2. The transfer hearing in this case was conducted before a referee, pursuant to the provisions of Code Ann. § 24A-701 (b). Although the transfer hearing was recorded, as required by Code Ann. § 24A-1801 (b), the magnetic tape on which the hearing was recorded apparently has been lost and no transcript of the hearing has been prepared.

However, the appellant avers that in conducting the transfer hearing, the referee failed to comply with Code Ann. § 24A-701 (b), which provides, in pertinent part: "Before commencing the hearing, the referee shall inform the parties who have appeared that they are entitled to have the matter heard by the judge. If a party so requests, the hearing shall be conducted only by the judge.” The appellee does not contest the fact that the appellant was not informed of this.1 We, therefore, conclude that he was not so informed.

In addition, the appellant argues that there was a failure to comply with subsections (c) and (d) of Code Ann. § 24A-701. Subsection (c) provides, "Upon the conclusion of a hearing before a referee, he shall transmit his findings and recommendations for disposition in writing to the judge. Prompt written notice of the findings and recommendations together with copies thereof shall be given to the parties to the proceedings. The written notice shall also inform them of the right to a rehearing before the judge.” Subsection (d) provides, "A rehearing may be *789ordered by the judge at any time and shall be ordered if a party files written request therefor within five days after receiving the notice required in subsection (c).”

Submitted September 7, 1979 Decided November 28, 1979. John H. Ruffin, Jr., for appellant. Richard E. Allen, District Attorney, William H. Lumpkin, Assistant District Attorney, for appellee.

The appellant argues that the referee failed to transmit his findings and recommendations for disposition in writing to the judge. We disagree. The transfer order itself, which was entered by the referee and approved by the judge, contains the referee’s findings and recommendations.
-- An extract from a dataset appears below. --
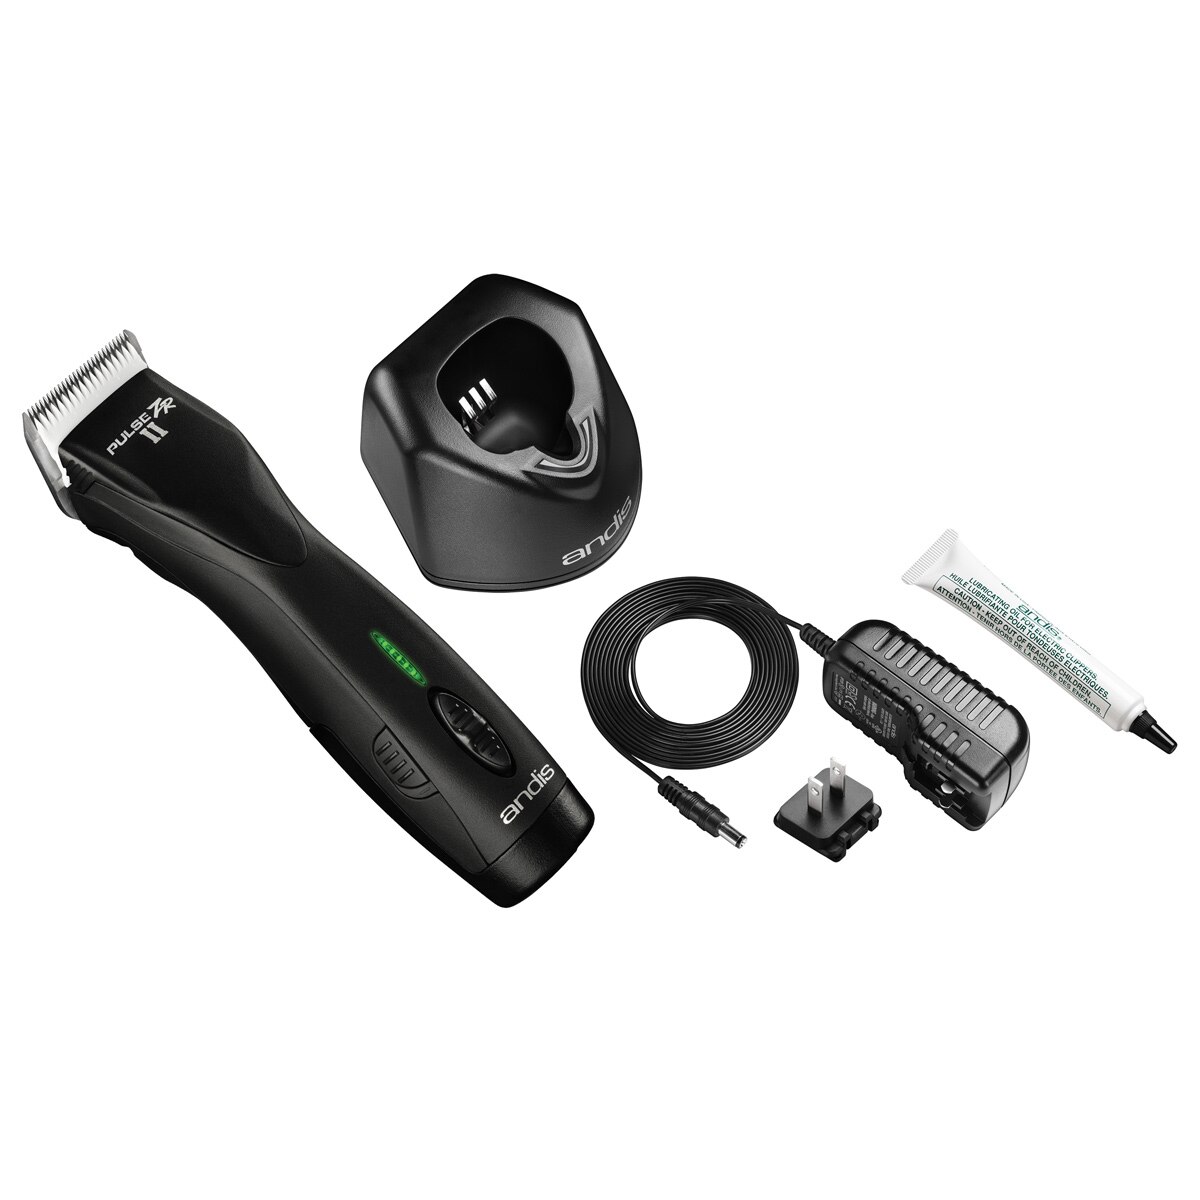 andis clippers andis pulse zr ii cordless clipper

The appellant also argues that there was no written notice informing him of his right to a rehearing before the judge. The appellee does not contest this.2 Nowhere in the record does such written notice appear. We, therefore, conclude that the appellant did not receive such notice.

The comment to Code Ann. § 24A-701 states that subsections (b), (c) and (d) involve "important procedural details which are applicable when a referee is holding a hearing.” The only way for an appellate court to ensure that important safeguards such as these are observed is to reverse a case in which they are not observed and remand the case for further proceedings in which they will be observed. Therefore, the transfer order is reversed and the case remanded for further proceedings in compliance with the foregoing provisions of the Juvenile Court Code.

Judgment reversed and remanded.

All the Justices concur.

Rather, the appellee argues that the appellant has not alleged such lack of notice in the statement of facts in his brief and has not executed an affidavit that no such notice was given.

Rather, the appellee argues that to require the judge to conduct a rehearing after he has signed the transfer order would unnecessarily render jurisdiction between the juvenile courts and superior courts indeterminate. This is, of course, an argument which should be addressed to the legislature.